For four weeks, every four years, something odd happens on the streets and roadways around our great wide world. It's nothing truly awful and it's not something really great, but it's irritating – and one thing we don't need is more traffic-related irritation.

I'm referring to the mini traffic jams and distractions caused by celebrations of World Cup 2014 enthusiasts – a summertime automobile Mardi Gras. With each play, the streets flood with vehicles draped in garish colours and obscure flags driven by gleeful morons and their equally exuberant moron passengers.

Decorating cars with sports gear, while a little uncool, is not irritating. People love soccer, what I like to call "European rules football." We get it. But what is irksome is the way the World Cup brings out the poor winner in people. They hit the road en masse when their side triumphs.

Each sport incites different fan-base reactions. The Stanley Cup, for instance, seems to make fans want to destroy their city's downtown infrastructure and ignite cars. If Montreal wins, fans riot. If the Canucks were to ever win, fans would probably riot, but they make up for it by rioting when they lose. World Series victories often cause mini-drunken riots. Super Bowl wins cause riots. Recently, police had to quell a riot by Seattle Seahawks fans who torched couches, jumped on cars and caused general mayhem.

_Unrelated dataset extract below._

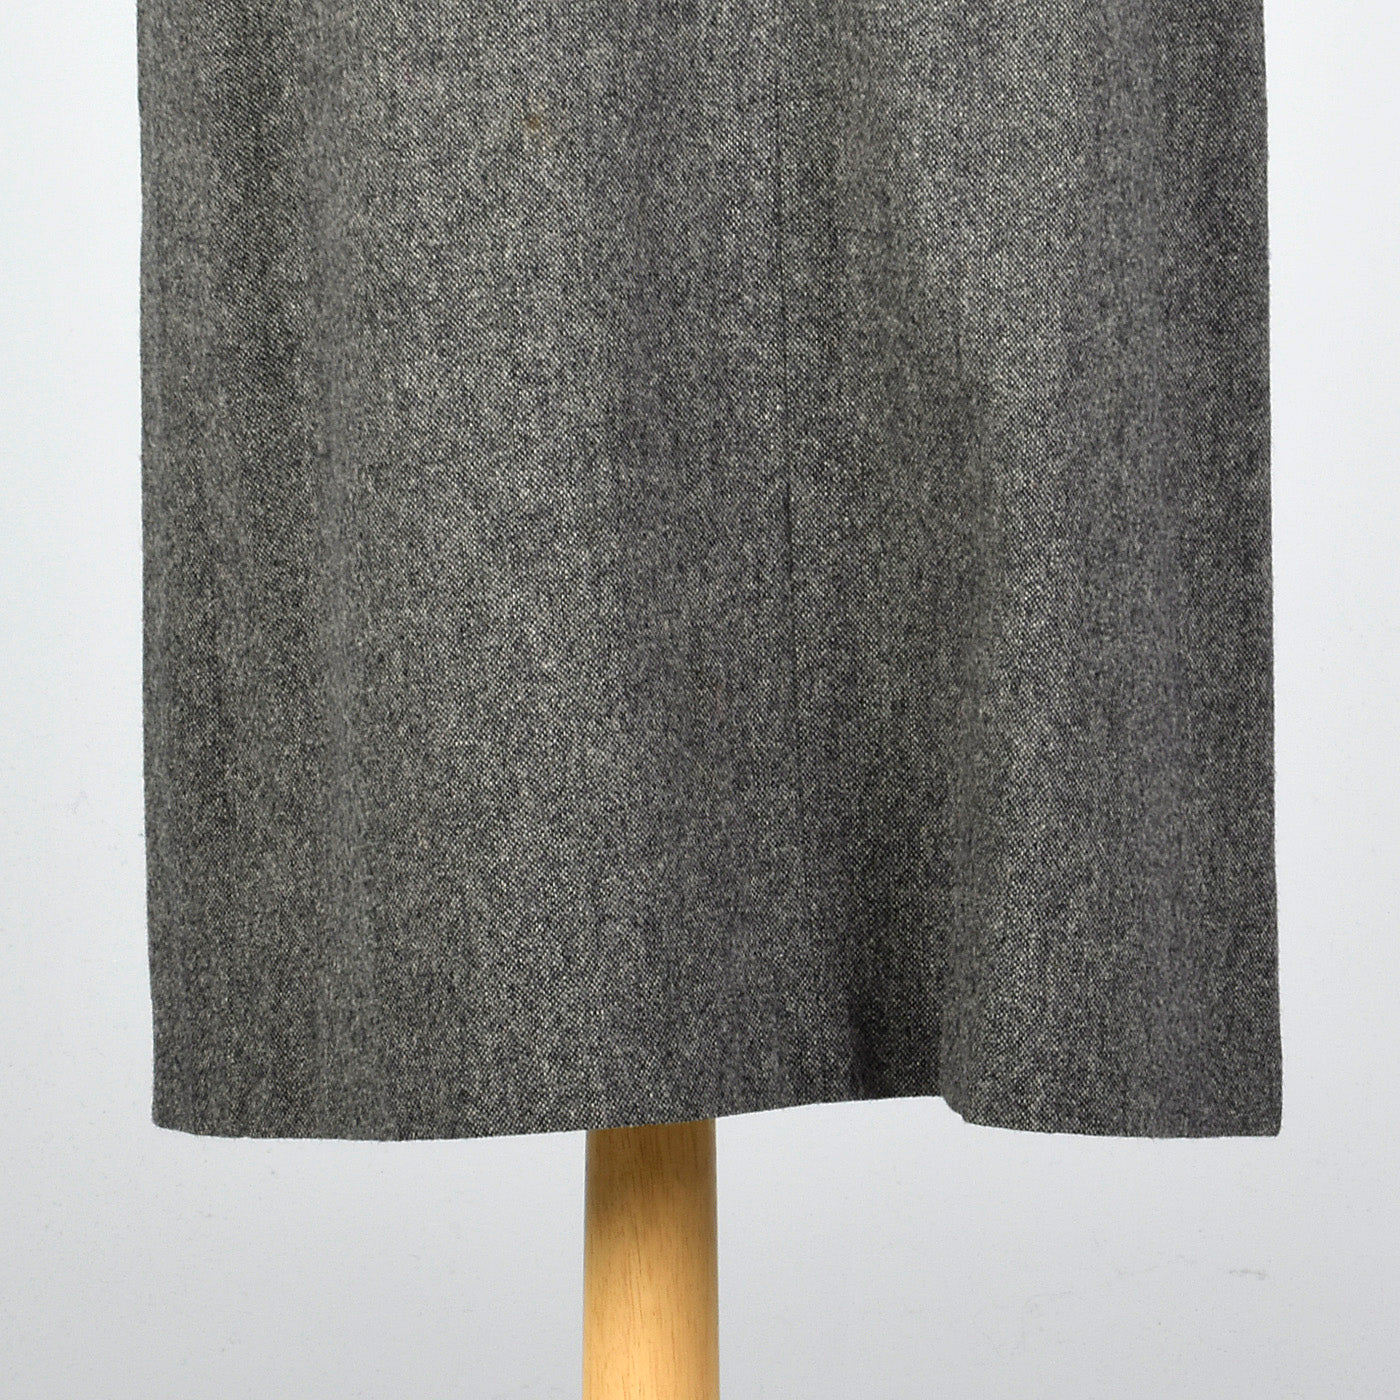 1950s Classic Gray Tweed Skirt Suit

Take note, these idiots are celebrating a championship. In contrast, World Cup fans will drive around honking if their team wins a single game. Heck, they'll drive around honking if their team scores a single goal. So, we get four weeks of nut-job nationalists driving around and honking each time anyone wins.

My distaste for World Cup road revelry began in 1998 while living in Toronto's Corso Italia. It was a double whammy. Italians like soccer. Italy is good at soccer. The celebration was incessant. It seemed like every time I looked up from my limonata, fans were circling the block, clogging St. Clair Avenue West. Then Italy lost on penalty kicks to France.

Great, I thought, I'll be spared the usual motorcade.

Wrong.

A single Renault draped in a French flag spent an hour driving through Little Italy, rubbing it in.

There is no escape. It's the "World" Cup after all. There is nowhere you won't find legions of diehard footballers decking their rides in nationalistic colours dreaming feverishly of the day they can drive around honking like idiots.

I'm not against the World Cup. European rules football deserves to be celebrated. I love sports. I just don't understand the need to tear around after a win.

When Andre Agassi won the U.S. Open in 1994, I didn't dress my Jetta up in neon and acid wash jeans and drive around honking. I was happy he'd won, but I understood that he won. Not me. I might have driven around in my dad's Volvo 240 Series sedan when the San Francisco 49ers won Superbowl XVI in 1982, but I didn't have a driver's licence.

Then again, they say, "If you can't beat, join 'em." Perhaps the only way to beat World Cup automobile fever is to give in to it. I'm going to hit the local flag shop. With a name like Clark, I suppose I should buy England's St. George's Cross. Then again, I like oranges, so maybe I'll root for the Dutch – and German beer is pretty tasty, and French Brie is fine. Maybe I'll get all four to cover my bases.